Episode 92: defiant // Tuesday, July 7

 

Meera: I would lie down at night and there would be that sound of the subway going on at night. And I know that the subway is empty. And I would start imagining that there was somebody who sat next to me who's dead now. Someone who had smiled at me, someone I rubbed shoulders with, or who put their bag on me by mistake, who is no longer alive.

And I just couldn't get that out of my head, like these ghosts on the subway, one by one, just disappearing. And that's what I'm grieving. What every New Yorker, I think, is grieving in some manner, because we have lost so much.

Laura: Today begins a new series on Shelter in Place with the thirteen incredible authors of Fierce, an anthology of essays by and about dauntless women. You’ll hear from all of the authors on this week’s Story Saturday, but my conversations with these riveting women were so wonderful that I’m sharing a few of them in more depth this week.

Today I’d like to introduce you to a celebrated author who wrote the first story in the collection. 

Meera: My name is Meera Nair. I was born in India and I came here to the U.S. in 1997 for grad school, and I'm a writer and an activist, and I'm the author of a book of short stories called Video, published by Pantheon. And I have also written two children's books, which were published in India.

Laura: Meera’s writing has been featured on NPR’s Selected Shorts and published in the Washington Post, the New York Times, Guernica, and elsewhere. She’s been awarded fellowships from the New York Times, the New York Foundation for the Arts, the MacDowell Artists’ Colony, and Queens Council for the Arts. Her first book Video won the Asian-American Literary Award, was a Washington Post Best Book of the Year, and the Editor's Choice at the San Francisco Chronicle. And that’s just the highlight reel.

Over the past few months, Meera has seen COVID-19 change her city dramatically.

Meera: I live in Jackson Heights in Queens, in New York, and it's a neighborhood that has been called the epicenter of the epicenter, the place that had the highest number of deaths in the entire country. 

For days and days all I heard was the wailing of ambulances. I mean, day and night. And I literally would not sleep through the night because I live very close to Elmhurst hospital, which was on the news as one of these hospitals that takes care of immigrants, people who don't have, insurance, and you know, are undocumented. All the suffering of the world, coming together in one locus. 

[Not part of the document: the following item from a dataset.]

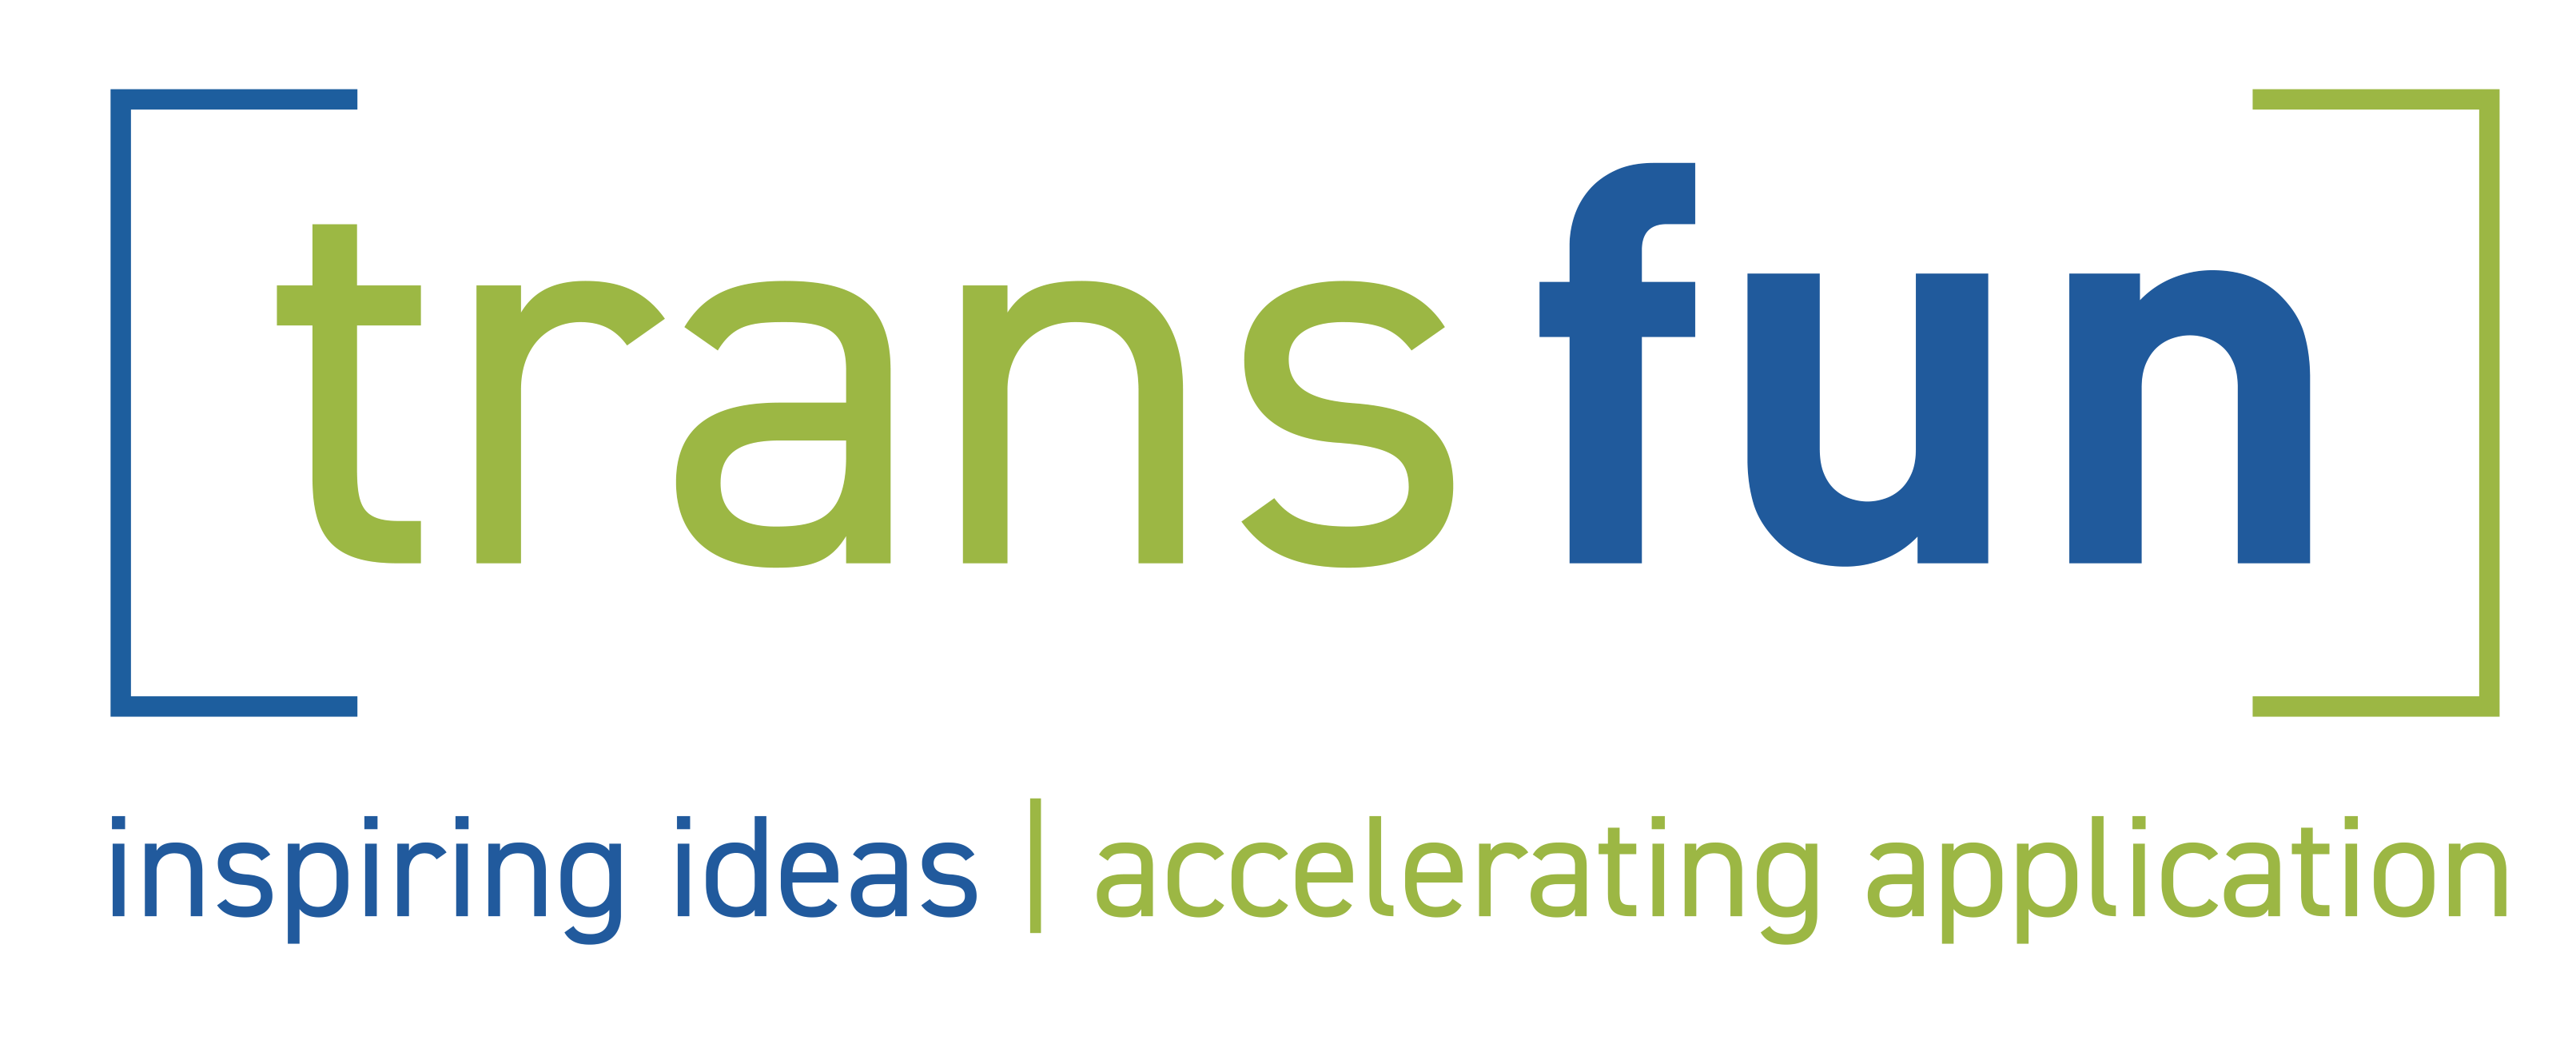 Logo transfun

It's a very interesting neighborhood. It's incredibly diverse. There's these grand old buildings from the 1930s, like the one I live in, which houses these people who are new media or our professors. But it also has a lot of people who are like the backbone of New York. 

Suddenly they started calling them essential workers. until then, you know, they were all vilified,  but , they are the hotel workers and people who drive cabs .  and so it's really interesting mixed neighborhood, but because of the way the pandemic payments came in, a lot of immigrants didn't apply or couldn't get it. And so, these are people who had, Jobs who now don't have a way to make a living and are basically starving.

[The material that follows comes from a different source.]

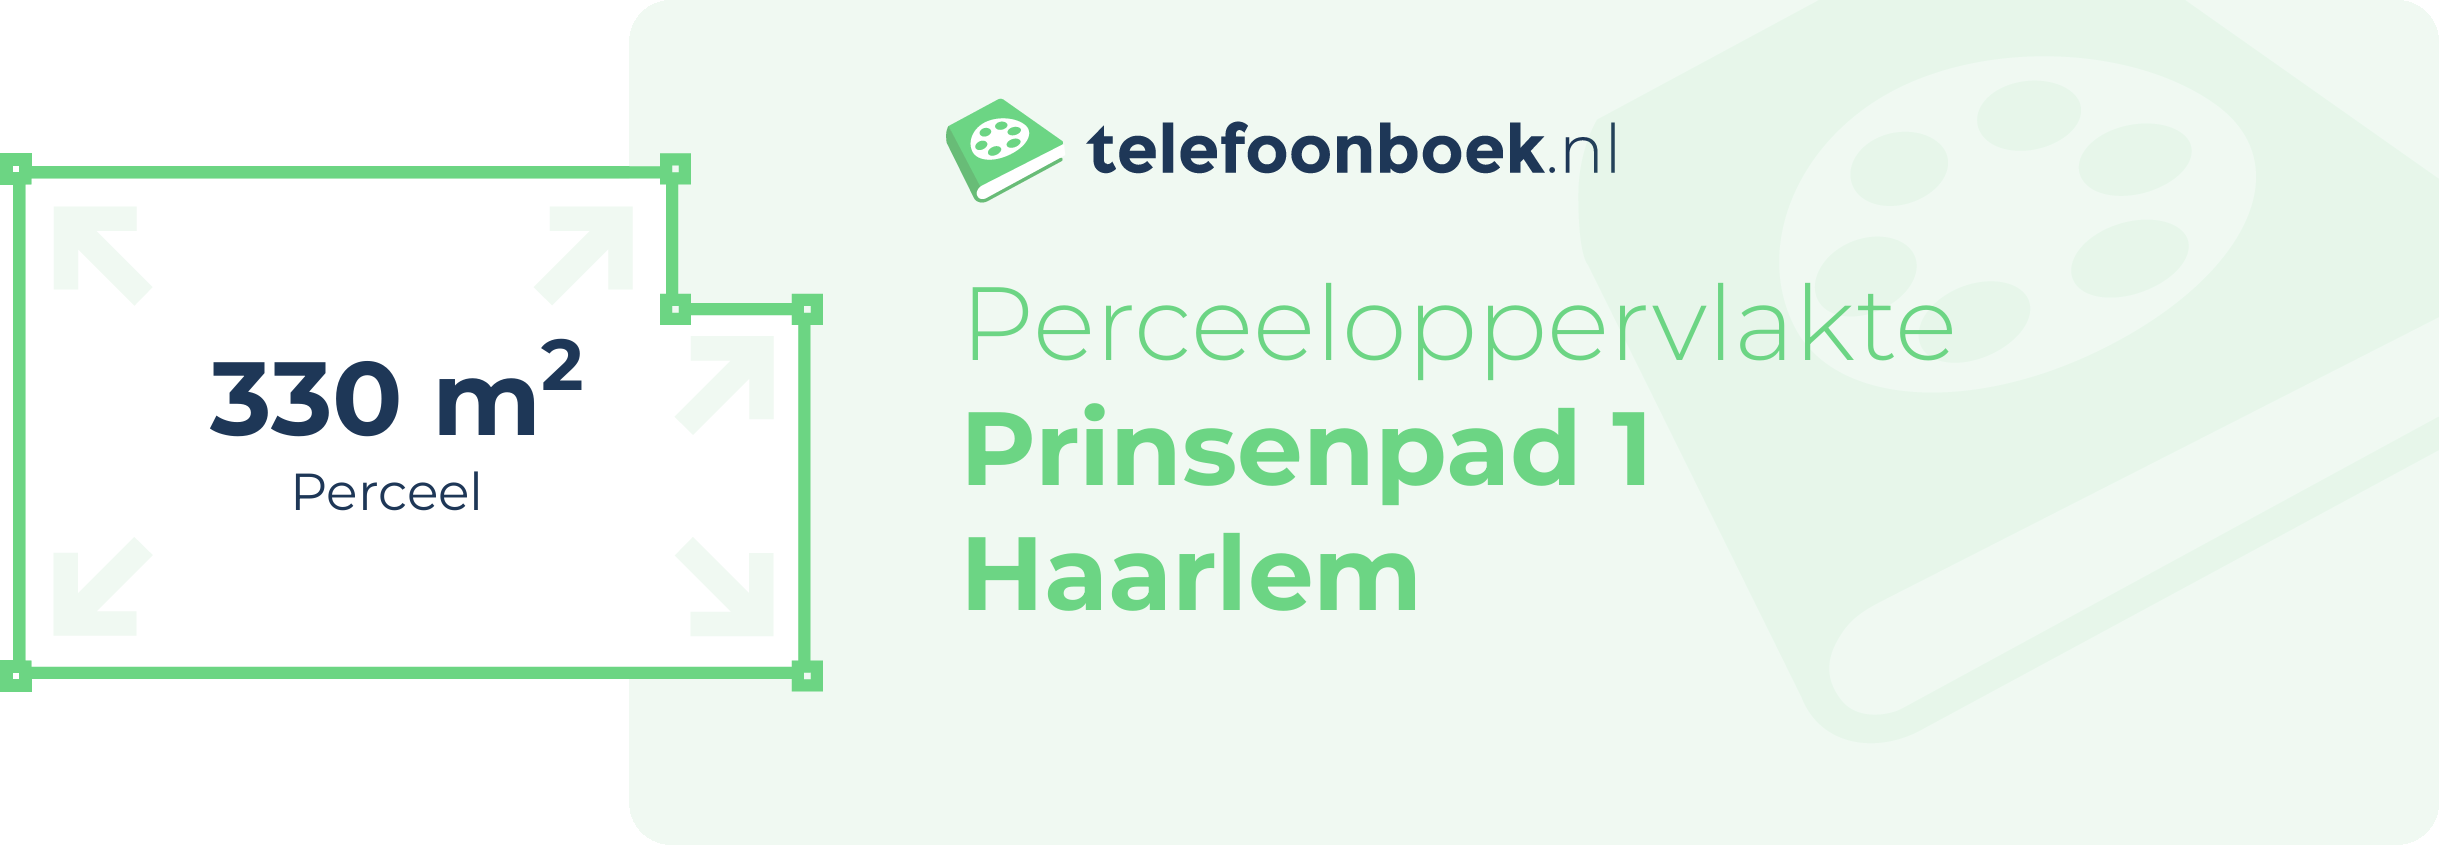 Perceeloppervlakte Prinsenpad 1 Haarlem

And so we had these long lines of people.  for 20 blocks, 30 blocks, you saw people just waiting for food and for the food distribution networks. And so we were all contributing to the networks and, you know, doing all the mutual aid stuff and for me, that was the hardest part, watching the city fall apart, watching the city empty out, you know, looking at these pictures of this city that I love so much, I could not live in another place in the world. no other place gives me what New York gives me, but then to see all the roads empty, all that life and vibrancy and color and craziness leached out. 20,000 people , just to think of all these people that are no longer with us. That's really been the worst, just coming to terms with a depleted city.

Laura: This time of sheltering in place has been intense for everyone in New York. But Meera saw the casualties of COVID-19 up close even before the death toll climbed in her city. 

Meera: I work in nonprofit, with the Asian American Federation. And I just love that job. But, you know, it's been a really crazy time for activists. It's been a very, very, busy three months. We do a lot of immigration work. I do a lot of anti-hate work. After COVID happened, there were like a hundred incidents of hate a day against Asians. and so far since March, I think they recorded something like 1800 instances of anti-Asian hate.

It's incredibly depressing--the constant shootings and the killings and the hateful rhetoric that was coming from all quarters.  I feel overwhelmed by the news and what you see and the hatred and the constant attacks against immigrants. 

I'm an immigrant. I came here in 1997 and I became a citizen, so I chose this country. So I have this fierce love for it, which is I don't take it for granted. I chose this. Like, you can't choose your parents, you can choose anything, but I chose a country to live in. So I  felt so betrayed by what is going on. I felt like, who are you? You know, like “who is America? and how could I have been so wrong?” 

And especially for someone like me who works in social justice, you know, it just feels  like “what happened to my country?” It’s that growing realization that there is this strain and this racism and all these things that it's not the shining city on the Hill. 

How do we even begin to heal?  how do we as a country move forward. If we can see each other for who we are and not for  who we want people to be. I wish people would see people for who they are rather than what they look like or where they come from. We have to learn to stop spiraling into some wretched dream of a past and, think “how do we live in this world that we have right now?” 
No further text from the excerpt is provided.